- **What is being asked**
Leave out the images; return the rest of the data exactly.
Dataset content Block Start
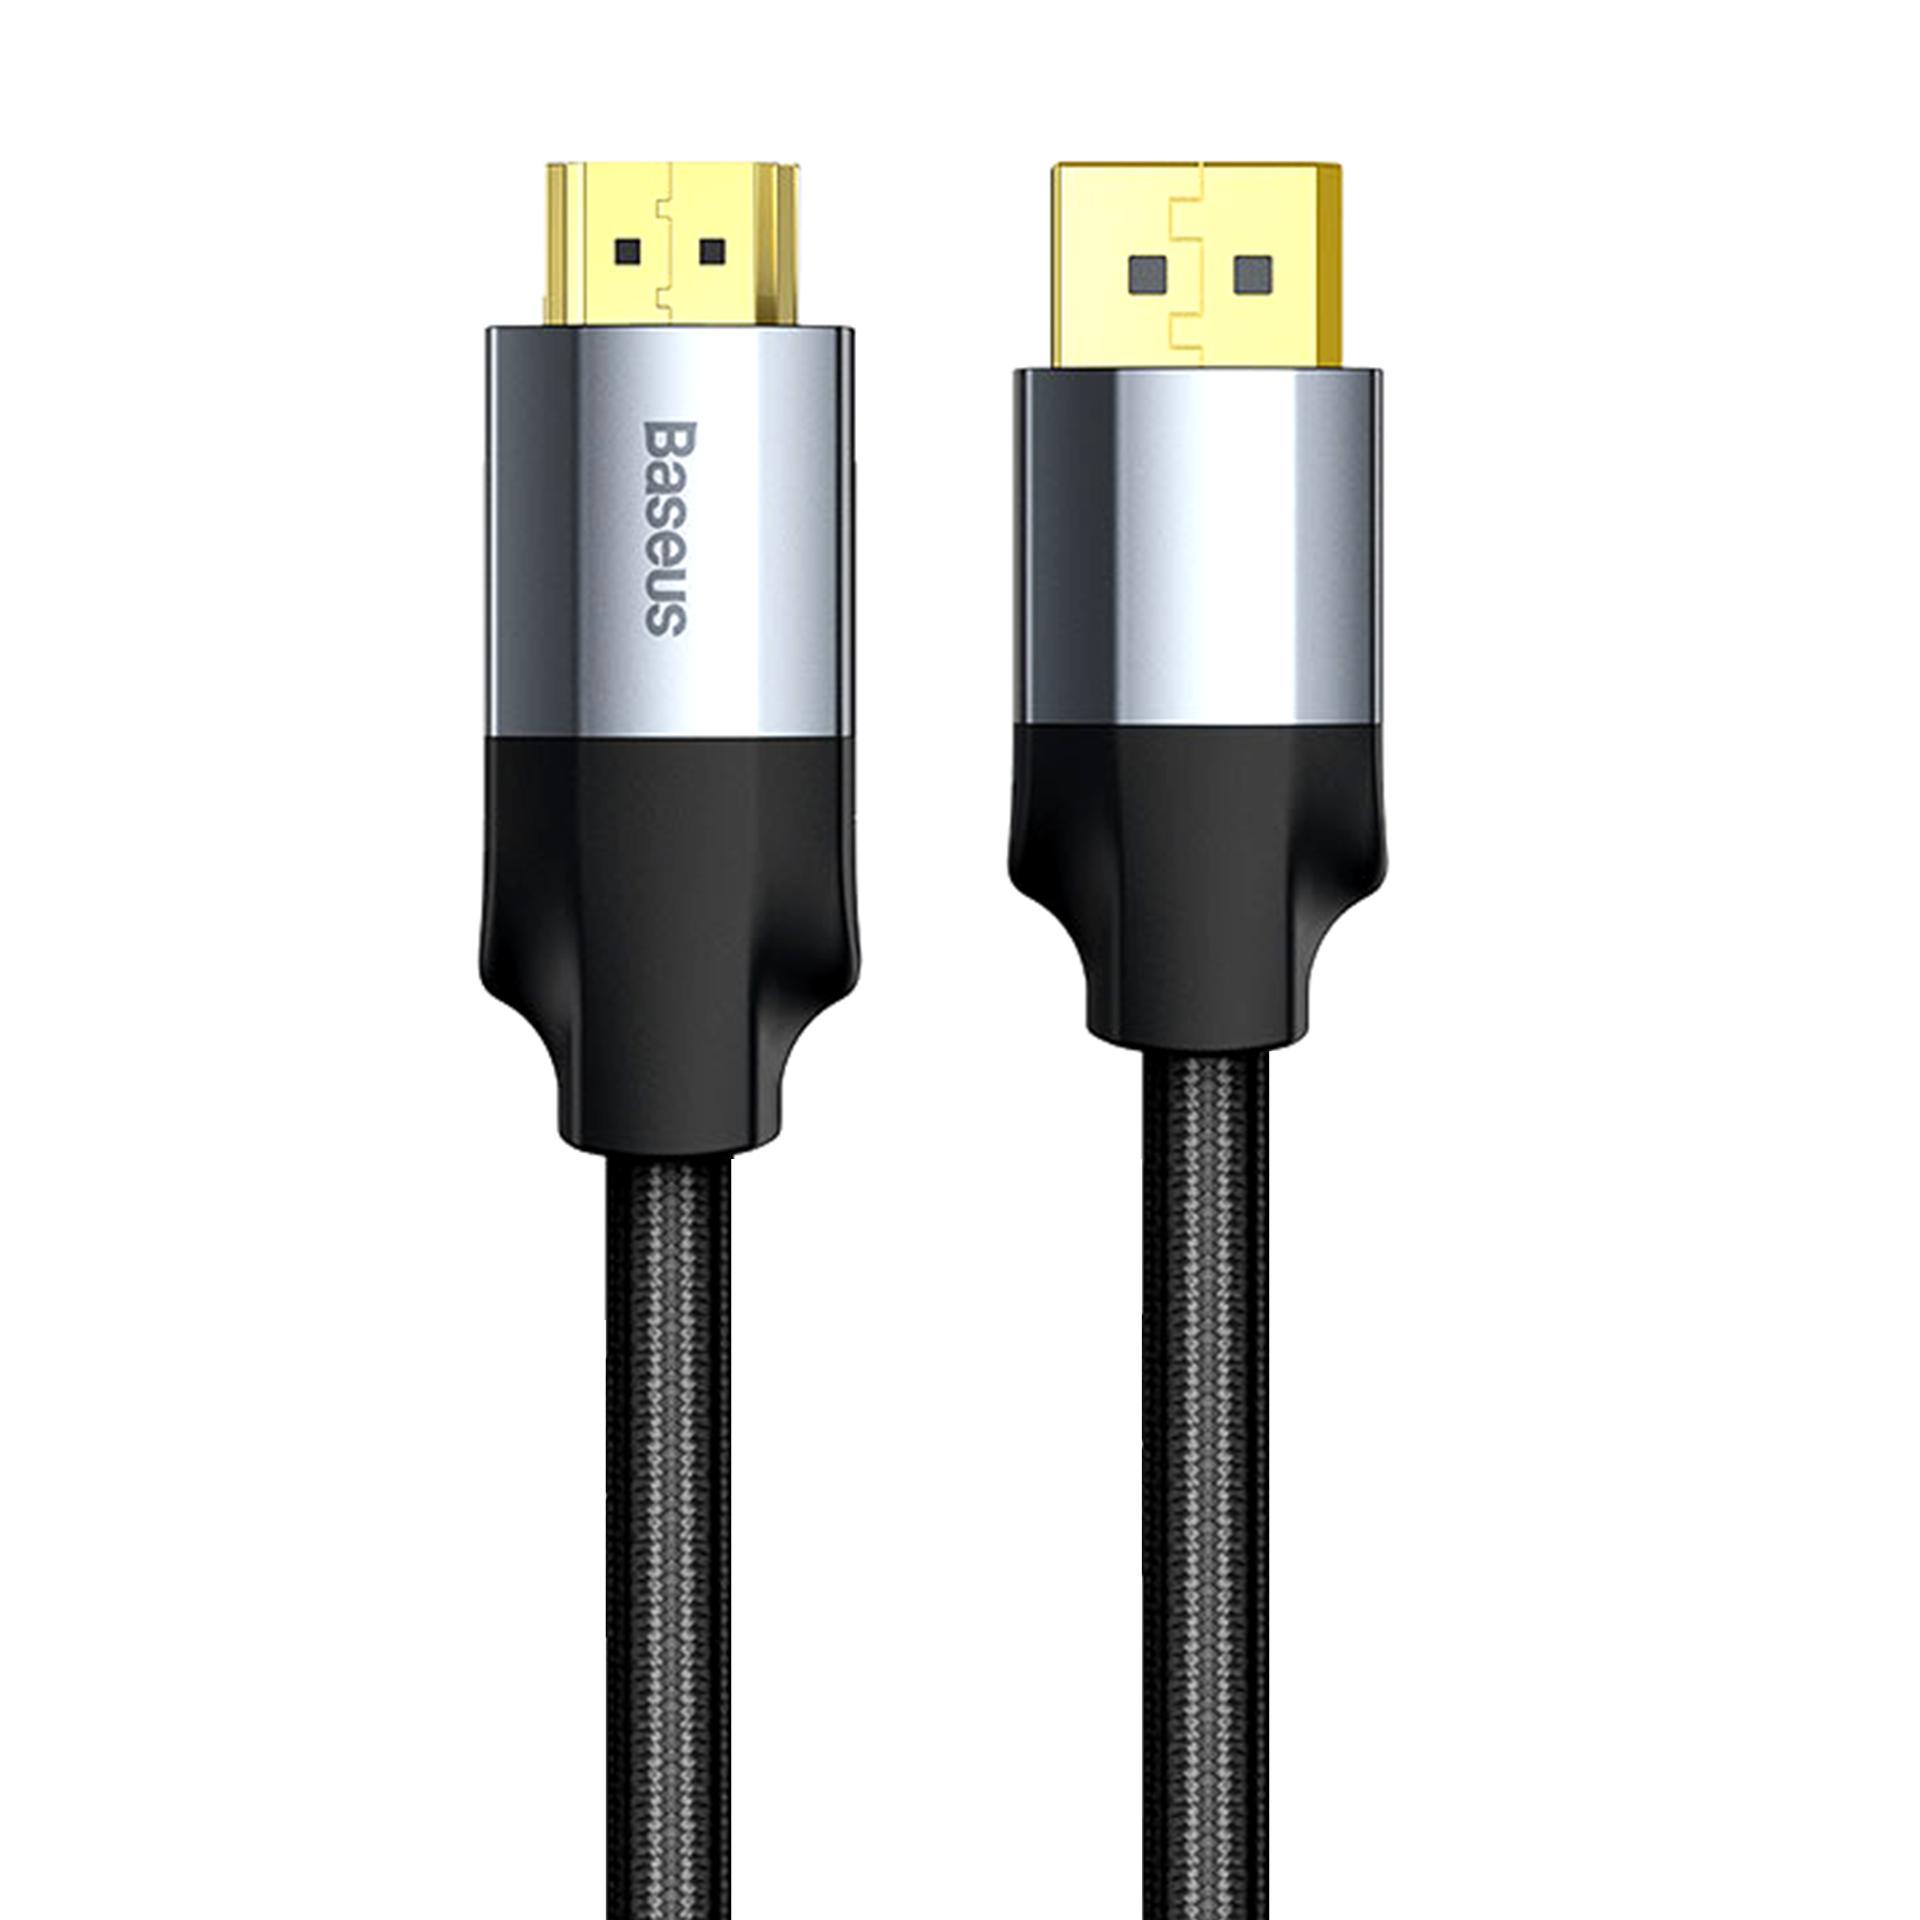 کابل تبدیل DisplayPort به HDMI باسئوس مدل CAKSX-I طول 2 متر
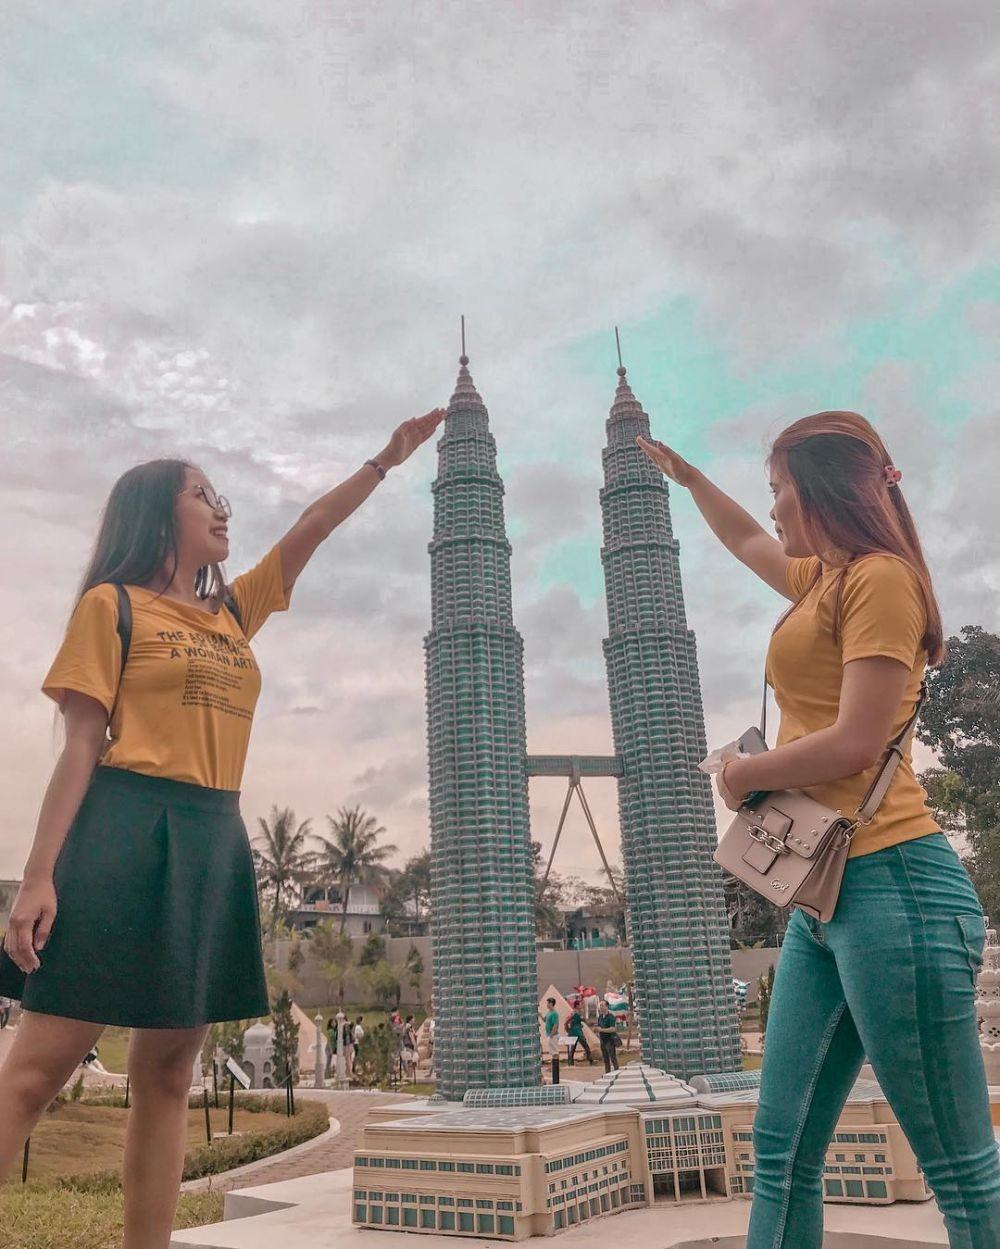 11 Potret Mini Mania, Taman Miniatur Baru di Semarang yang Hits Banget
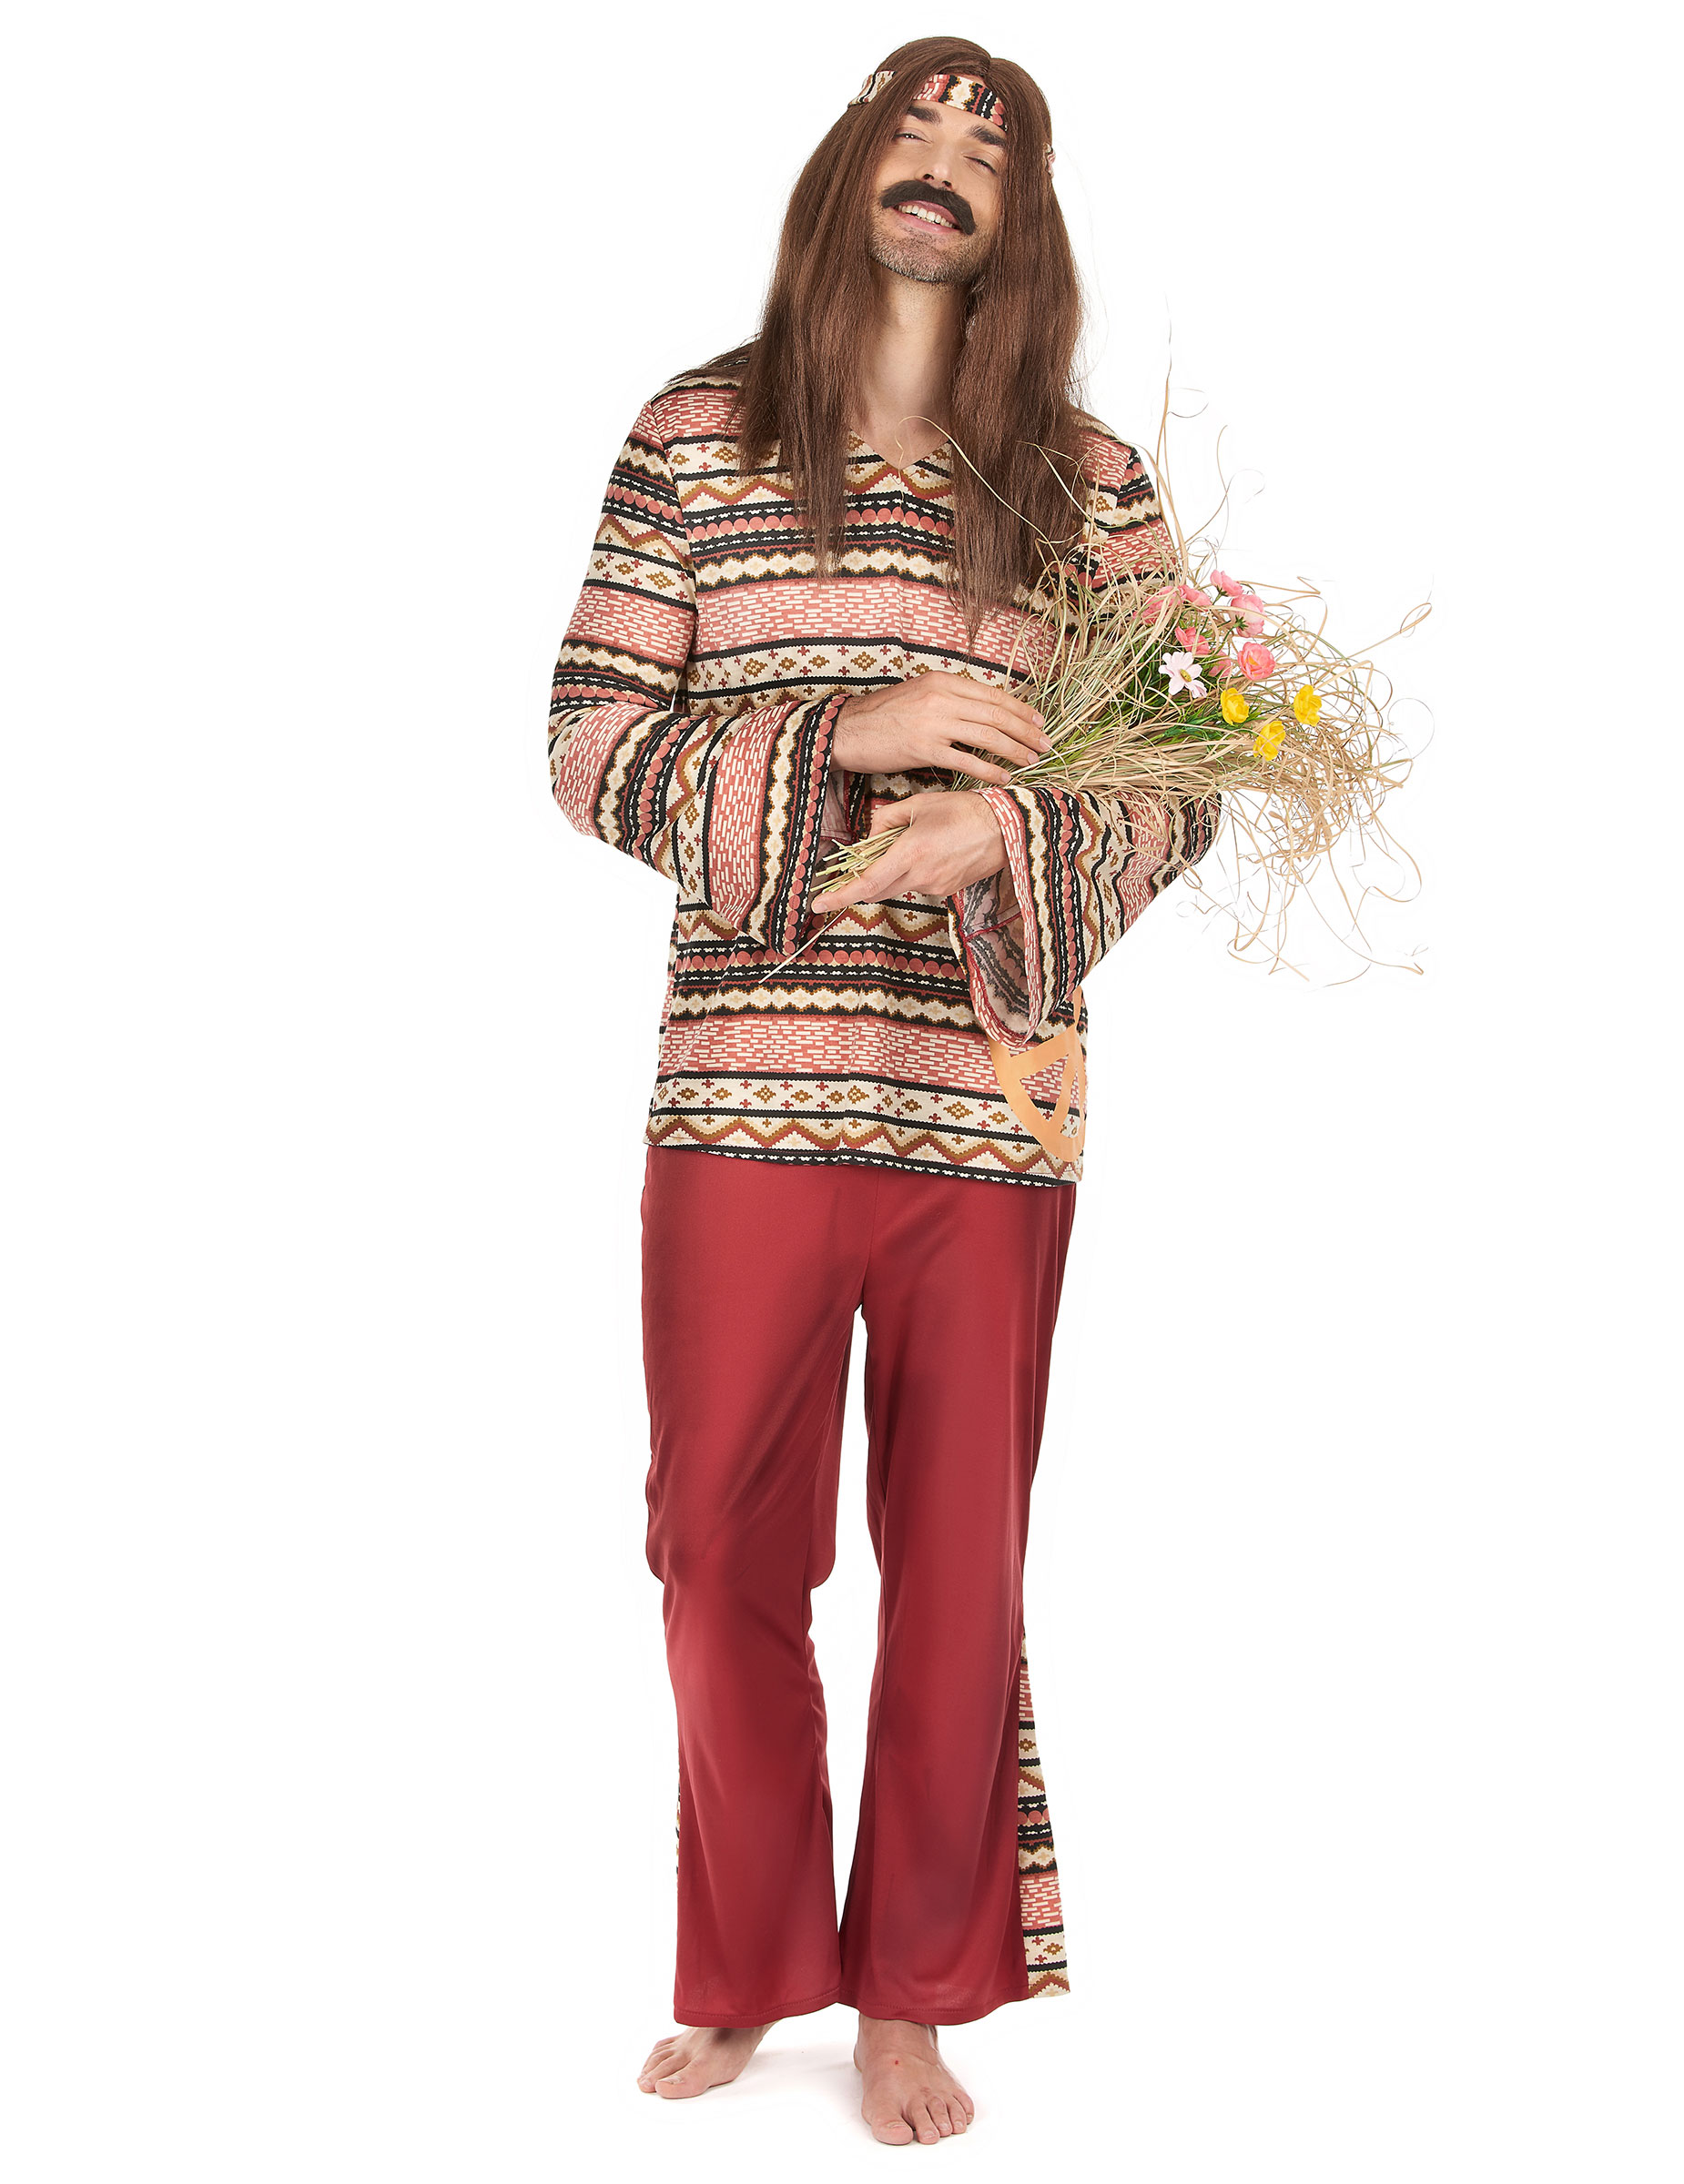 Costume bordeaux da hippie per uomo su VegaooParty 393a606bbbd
Dataset content Block End
- **Exercise answer**
 کابل تبدیل DisplayPort به HDMI باسئوس مدل CAKSX-I طول 2 متر
 11 Potret Mini Mania, Taman Miniatur Baru di Semarang yang Hits Banget
 Costume bordeaux da hippie per uomo su VegaooParty 393a606bbbd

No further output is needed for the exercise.